Qualitative assessment

We used the Quality Assessment of Diagnostic Accuracy Studies (QUADAS) tool to assess risk of bias, applicability and reporting quality1,2,3. Each of the 14 items included in the original QUADAS tool is rated as “yes”, “no”, or “unclear”, with “yes” representing a positive outcome. The majority of the items (items 3, 4, 5, 6, 7, 10, 11, 12 and 14) is related to bias, with only two items related to variability (items 1 and 2) and the quality of reporting (items 8, 9 and 13), respectively1. Two independent authors performed and crosschecked the quality assessment.

Statistical analysis

We estimated the pooled sensitivity, specificity, positive likelihood ratio (PLR), negative likelihood ratio (NLR) and diagnostic OR with corresponding 95%CI by a fixed effect model (Mantel-Haenszel method) when homogeneity was fine or a random effect model (DerSimonian-Laird method) when heterogeneity was significant, to indicate the accuracy of NBI in the diagnosis of benign and malignant tumors51. Besides, the summary receiver operating characteristic (SROC) curve was constructed as described by Moses et al.18 to show the results. The areas under the curve (AUC) were calculated to assess the diagnostic accuracy of NBI for the benign and malignant tumors.

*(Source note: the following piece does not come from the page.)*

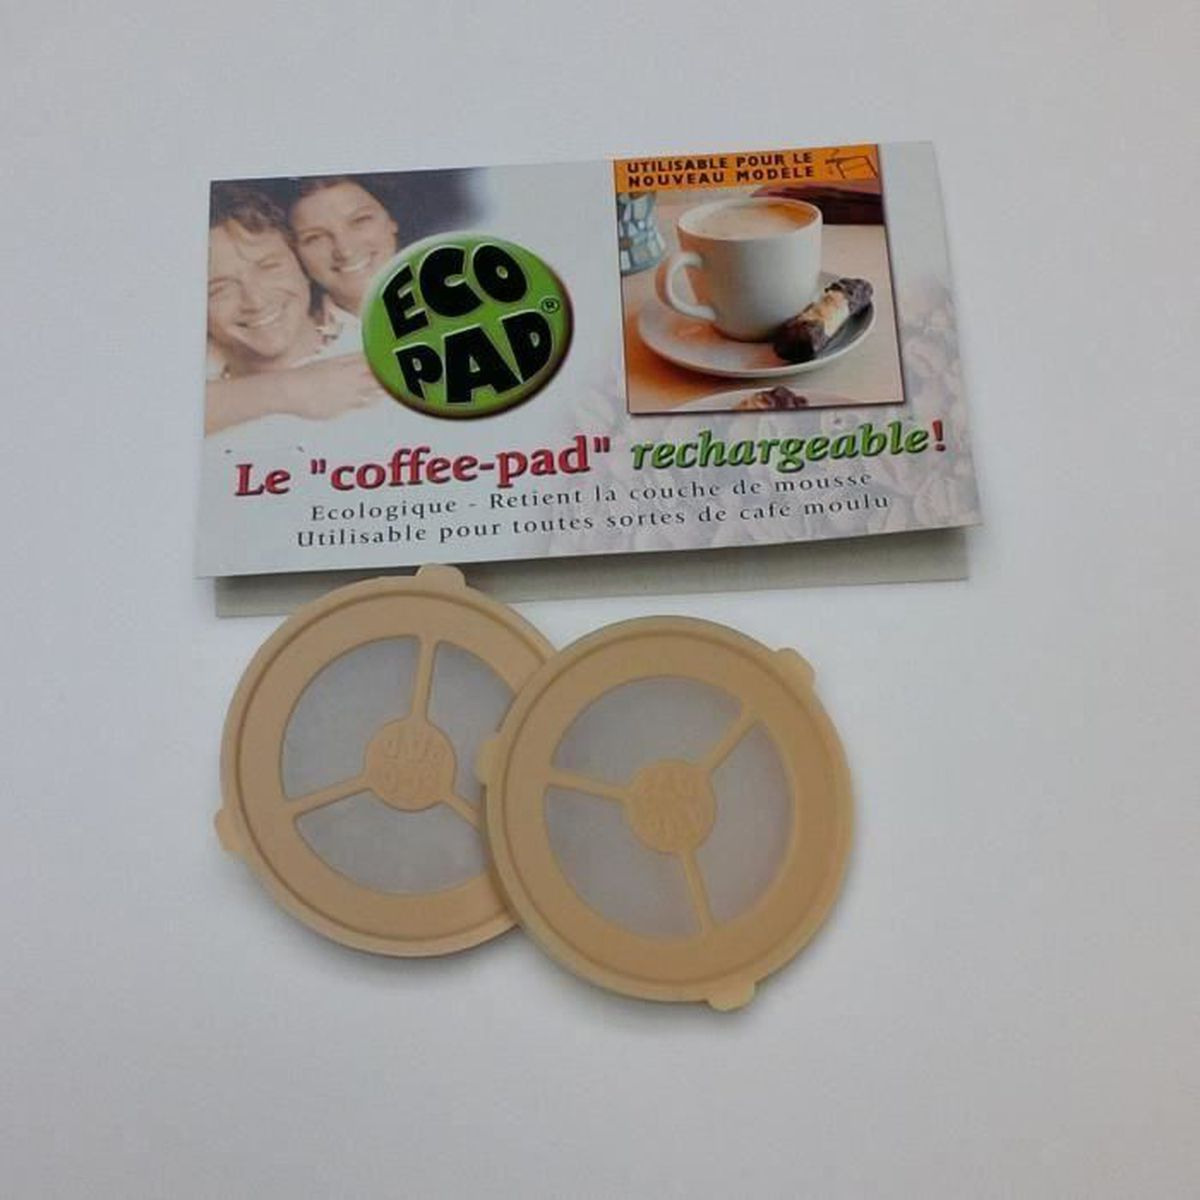 MACHINE À CAFÉ Ecopads - 2 Dosettes rechargeables prmanentes pour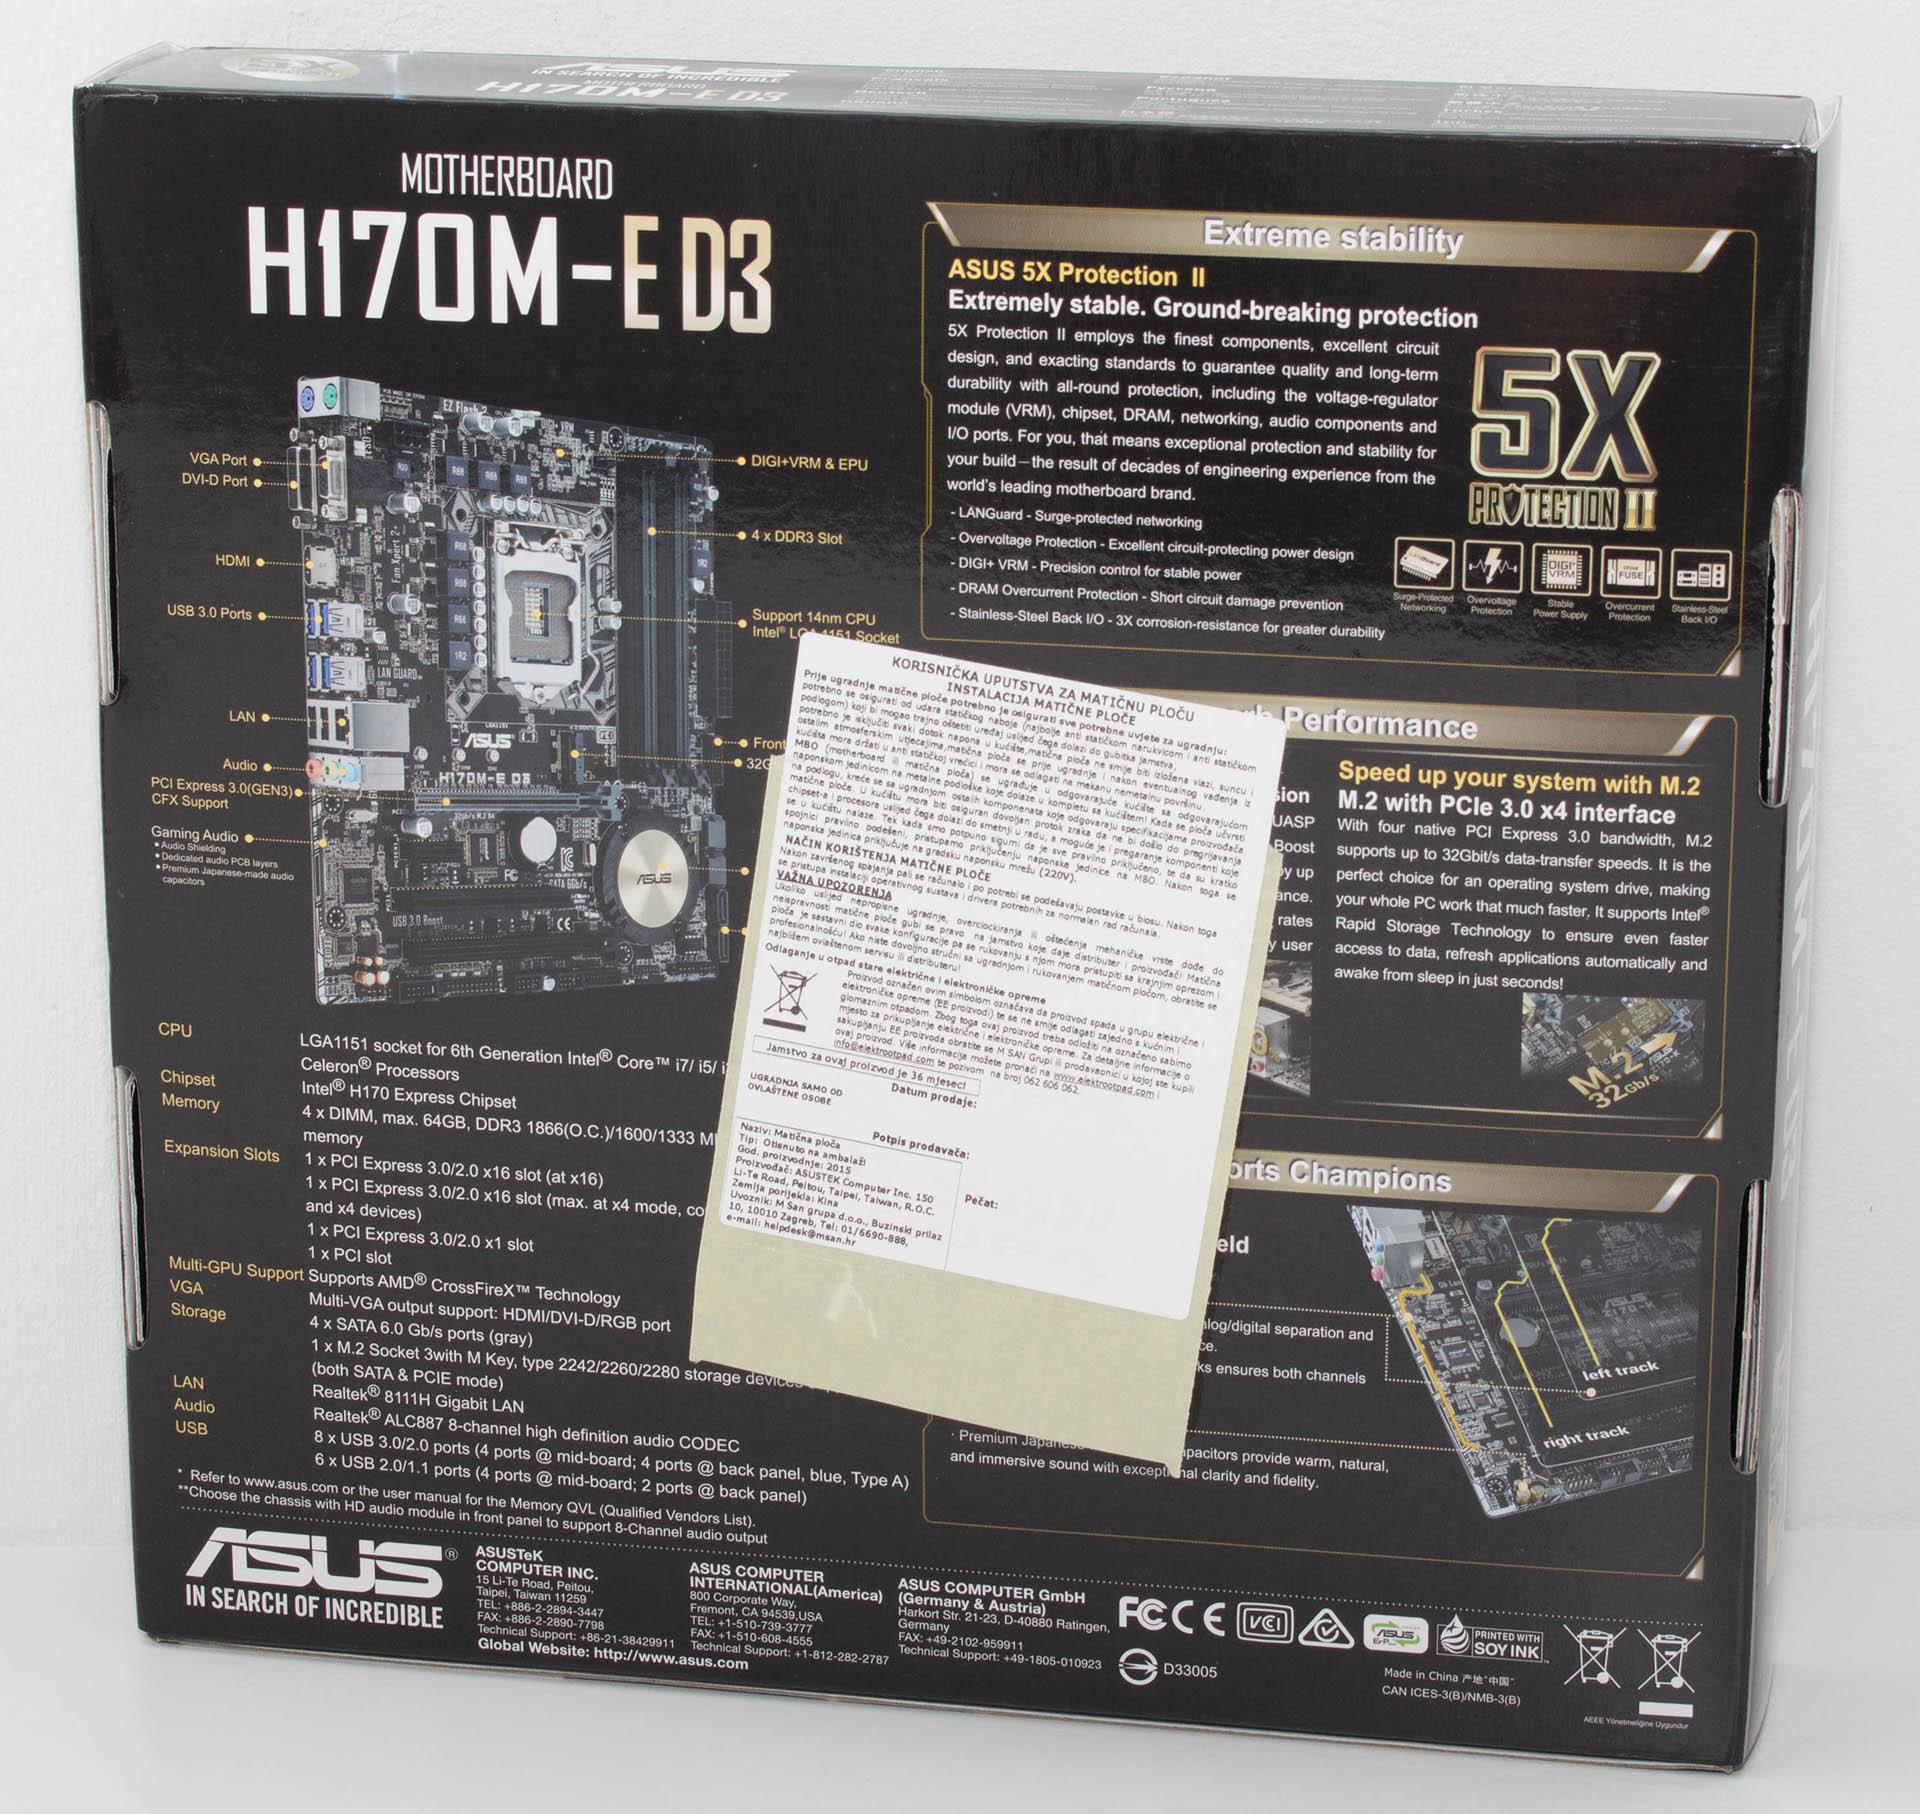 PC Ekspert - Hardware EZine - ASUS H170M-E D3 & Z170-A test

We calculated Spearman correlation coefficient to analyze diagnostic threshold. If there was no threshold effect, we pooled these sample statistics directly. If there was threshold effect, we employed fit SROC curve and calculated the AUC and Q statistic. Besides, we used the inconsistency index (I2) to manifest the percentage variability attributable to heterogeneity. If the I2 value >50%, it demonstrates substantial heterogeneity. To investigate the potential sources, we performed subgroup analysis and meta-regression analysis to assess the effects of different locations, type of assessment (real-time vs post-procedure), magnification, high definition, and type of endoscope system.

Publication bias was assessed by Deeks’ funnel plot asymmetry test, with p > 0.05 representing no significant publication bias52. All statistical analysis were performed by using Meta-DiSc statistical software version 1.4 and STATA version 12.0.

Data availaility

All the data we get was from public sources.